とりあえず、その件については今はいいだろうと判断したハルトだったが、


「おい……何しているんだ」


 ハルトの体をまさぐり始めた女の子に、彼は訝しげな顔色を浮かべつつ言った。

 女の子はしばらくハルトの体をまさぐり倒したあと、立ち上がって、


「危険物がないかの確認。どうやら、腰に下げている剣以外、特に何も持っているわけではなさそうね」


 と言った。

 

「危険物って……あのな」


「とりあえずもうじき私達の当主、レイナ様が来るわ。その時に貴方の処分が決められるでしょうね」


「しょ、処分……!? おい、待てよ、それはつまり俺死ぬってことか?」


 いきなり物騒なことを言い出した女の子に、ハルトは思わず焦りを隠せない。


「さぁ……それはレイナ様が決められること。だけどどういうわけであれ、レイナ様の領地に関所も通らず侵入したわけだから、相応の覚悟はしておくことね」


 淡々とそう説明する女の子。

 燃えるような赤い髪の毛とは対照的に、その言動はひどく冷めたものだった。

 そして表情は感情の起伏に乏しい。

 さっきハルトと目があったときは心臓が止まっているんじゃないかと思うぐらい驚きの感情を見せたのだが。

  

「冗談じゃない、こんなところで死んでられるかっ!」


 どうしてかはしらないが、ハルトは漂流してきたのだ。

 そしてこの通り、心臓も動いており、生きている。

 それなのにこんなところで殺されるわけには行かない。

 ハルトは身じろぎをして逃げようとするも、まともに動くことができない。

 女の子は嘆息すると、こう言った。


「無駄よ。それに、もうレイナ様が来たわ」


「何……?」


 時すでに遅し。

 遠くから足音が近づいてきて、ハルトの目の前で止まった。


「この人が?」


 そうしてハルトのことをまじまじと見つめるその少女は、本当に当主かと思うぐらいまだ年が若いように見える。

 ハルトと同じか、下手すれば低い。

 銀色の長い髪は太陽の光に照らされてきらきらと輝いているように見えた。

 背筋はまっすぐ伸びており、ワンピースの上に更に服を羽織っているという珍しい服装に身を包んでいる。

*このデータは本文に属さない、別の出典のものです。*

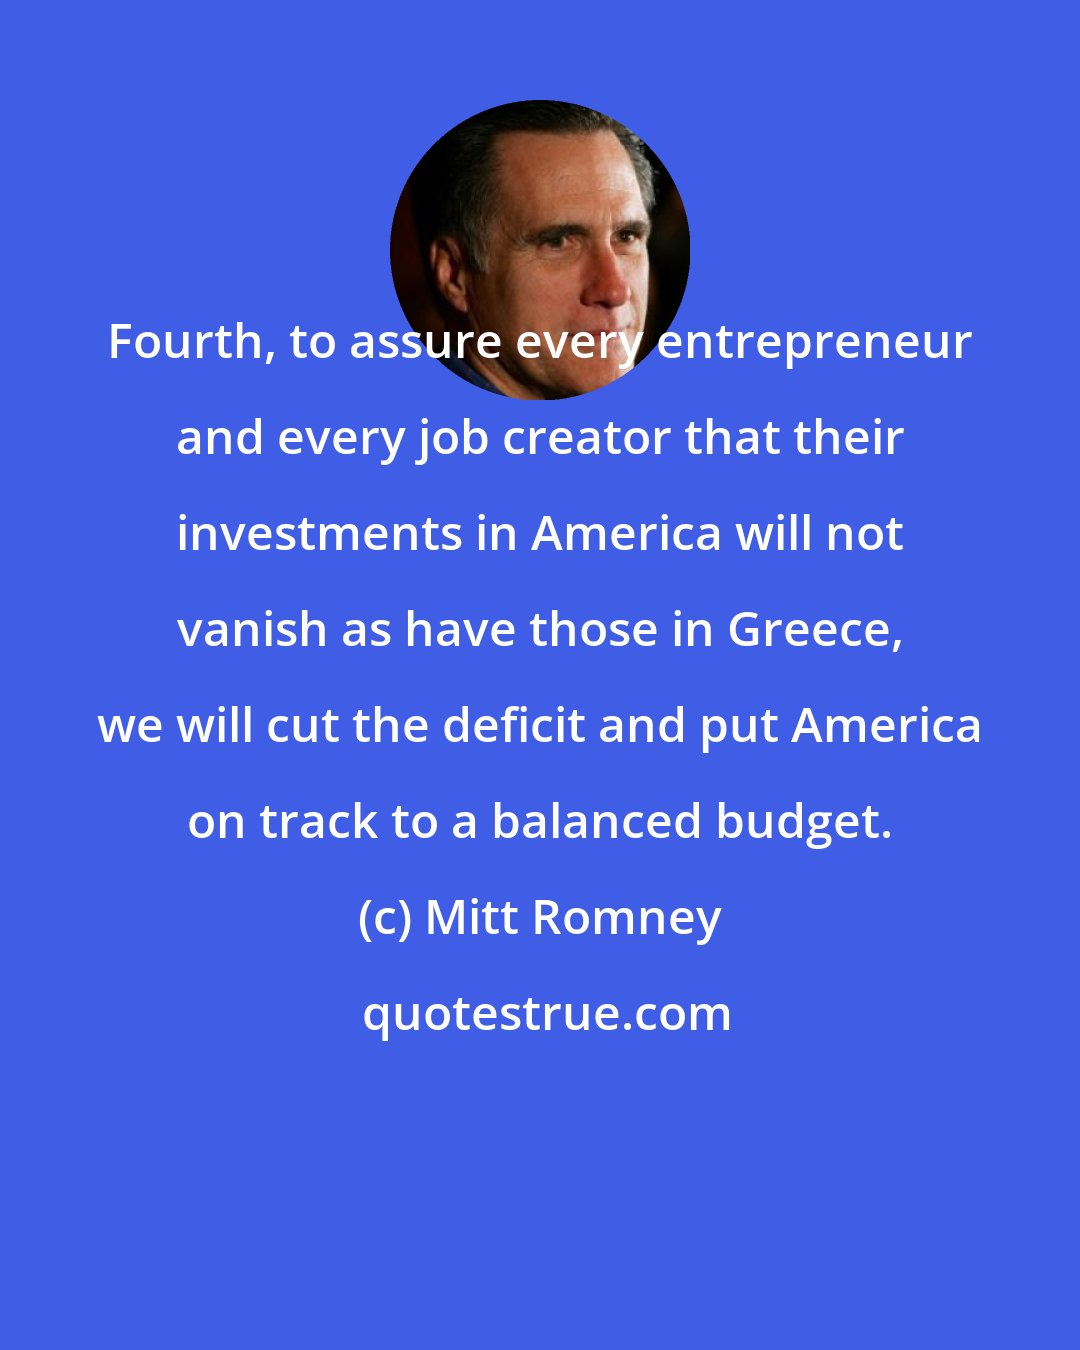 Mitt Romney: Fourth, to assure every entrepreneur and every job creator that their investments in America will not vanish as have those in Greece, we will cut the deficit and put America on track to a balanced budget.

 しかしその堂々とした振る舞いは、気品を感じさせるものがあった。

 彼女が貴族であることは一目瞭然である。


「うん、そうだよー! 私が見つけたんだっ」


 と言って今度は別の子がハルトの目の前に現れた。

 先程のメイド服のこと同じように髪を1つくくりにしているが、その服装はまるでこれから戦いにでも行くような渋い服装をしており、腰に剣を下げ、左目には黒い眼帯をつけている。

 しかし、その身長は先程のメイドの子と同様とても小さく、一歩間違えれば幼女と言っても過言ではないあどけない顔立ちをしていた。

 先程のメイドの子と顔があまりにもそっくりなため、ギャップを感じてしまう。


「確かに、全く見たことのない服装ね……。だけど、どうやらこの人が動けない原因はサザン草の毒で間違いないと思うわ」


ハルトを見るなり、なぜか瞬時に状態異常を当てる少女。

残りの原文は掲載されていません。